Peng Ah-Hee, bien qu’elle en ait été blessée, ne lui en avait pas vraiment voulu, en partie parce qu’elle savait qu’il l’avait dit sous le coup de la colère, et en partie parce qu’elle lui avait répondu tout aussi méchamment.
Quoi qu’il en soit, à cause des paroles de Gu Yangcheon, le clan Gu dut s’excuser auprès du clan Peng, et les fiançailles furent rompues.
Sa surprise était donc compréhensible, en voyant à quel point Gu Yangcheon semblait avoir changé en quelques années.
« Son regard avait changé. »
Est-ce qu’il a mûri ? Ou peut-être qu’il passait juste une bonne journée… ?
Oui, c’est ça. Un chien comme lui ne peut pas devenir mature aussi vite.
Peng Ah-Hee voulait y croire, mais elle savait que le Gu Yangcheon qu’elle venait de voir dégageait une impression bien différente de celui dont le comportement avait brisé leurs fiançailles.
« …Je ne sais pas comment le décrire. »
C’était difficile à mettre en mots.
Soupirant, elle mit ses pensées de côté et demanda à son escorte :
« Alors, tu as trouvé quelque chose ? »
« …Rien de concret, ma dame, mais je peux confirmer que le jeune maître est bien ici, à Shanxi. »
« Pff… Cet abruti de frère, pourquoi il a fallu qu’il vienne ici, de tous les endroits possibles. »
Peng Ah-Hee voulait lui demander pourquoi Shanxi, mais elle savait déjà ce qu’il répondrait.
Il dirait un truc au hasard comme : C’est loin mais aussi proche en même temps.
Son talent était indéniable, mais elle n’arrivait pas à comprendre sa personnalité.
Il avait bien le sang des Peng, mais son caractère ne ressemblait à aucun autre membre de la famille.
« …Tellement agaçant. »
« Il va bientôt faire nuit. Rentrons nous reposer, ma dame. »
Peng Ah-Hee soupira encore aux paroles de son escorte, puis regarda dans la direction où Gu Yangcheon avait disparu.
« Une fois que je t’aurai trouvé, je te jure… »
Elle râla avant de quitter les lieux. Quelques secondes plus tard, devant l’échoppe de raviolis…
« Atchoum ! »
Un homme éternua tout en dévorant ses raviolis.
Après s’être essuyé le nez, il regarda autour de lui et murmura :
« Quelqu’un parle dans mon dos ou quoi ? Pourquoi j’ai envie d’éternuer comme ça ? »

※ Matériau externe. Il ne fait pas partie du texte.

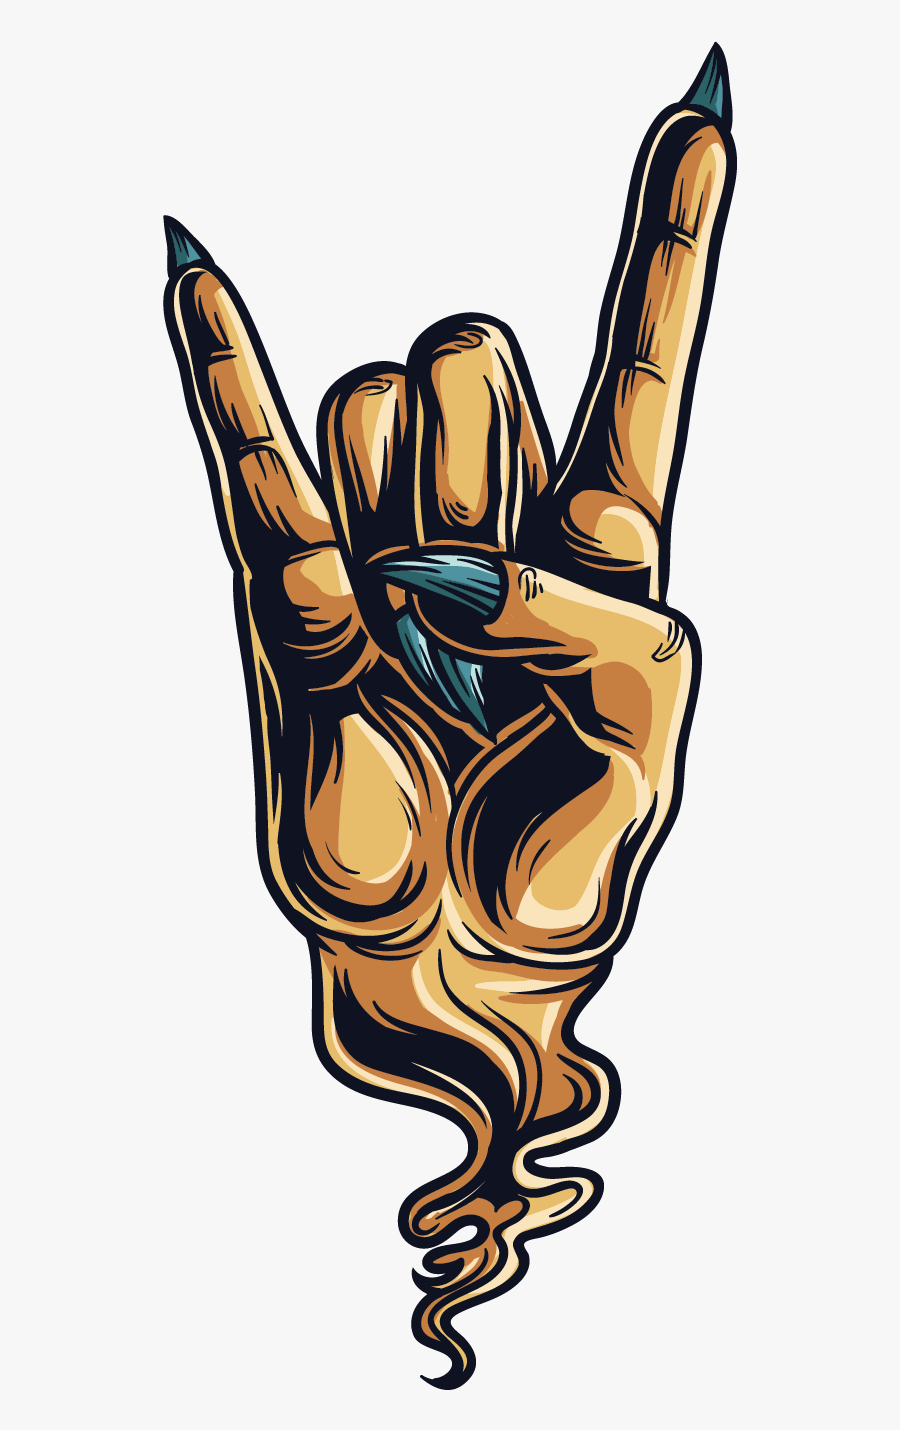 Sign Of The Horns Devil Hand Gesture Sticker - Devil Horns Hand Png, Transparent Clipart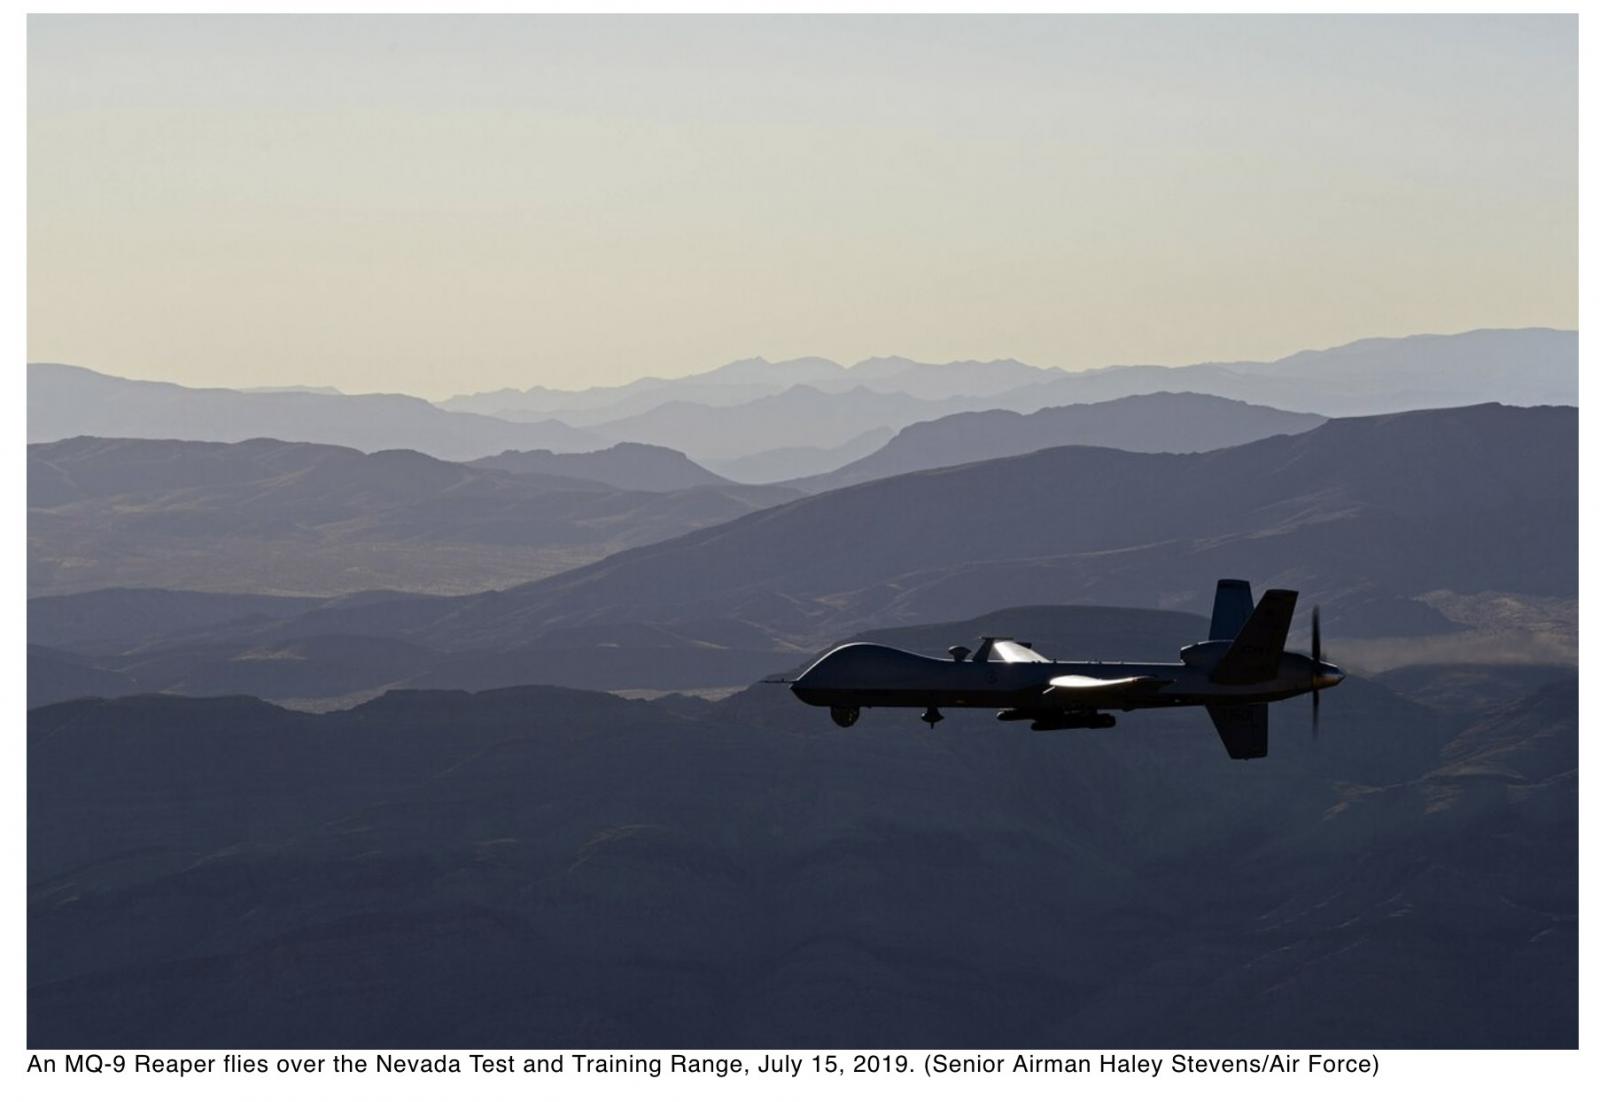  Afghan officials: US airstrike killed 10 civilians in Herat

Haussant les épaules, il continua tranquillement son repas.
__________
L’aube annonça le deuxième jour de la cérémonie des Neuf Dragons. Je ne l’aimais toujours pas, mais le temps, ça ne se contrôle pas.
Les artistes martiaux du clan Gu allaient participer à la Compétition des Neuf Dragons, qui commençait tôt le matin.
D’autres artistes martiaux pouvaient également y participer, à condition de présenter leurs certificats.
La longue file de gens rassemblés dès l’aube comprenait tous les participants.
Qu’est-ce qu’il y a de si génial à devenir épéiste pour que tout le monde se jette dessus comme ça ?
Les Quatre Grands Clans et les Dix Sectes devaient probablement organiser des compétitions similaires, voire plus grandes.
« Peut-être pas les Dix Sectes, vu qu’elles choisissent uniquement les leurs… Probablement. »
C’est ce que j’avais entendu, donc je n’étais pas sûr.
Dans l’arène se tenaient les épéistes du clan Gu qui avaient fêté la veille, désormais juges.
Malgré l’alcool ingurgité, ils paraissaient normaux, que ce soit parce qu’ils faisaient semblant, ou parce qu’ils allaient vraiment bien.
Quand je demandai à Muyeon un peu plus tard, il me dit qu’ils s’étaient levés deux heures plus tôt pour évacuer l’alcool.
Je savais qu’ils avaient trop bu.
Wi Seol-Ah, toute enjouée après les raviolis d’hier, vint vers moi avec la même tenue rouge que celle d’hier.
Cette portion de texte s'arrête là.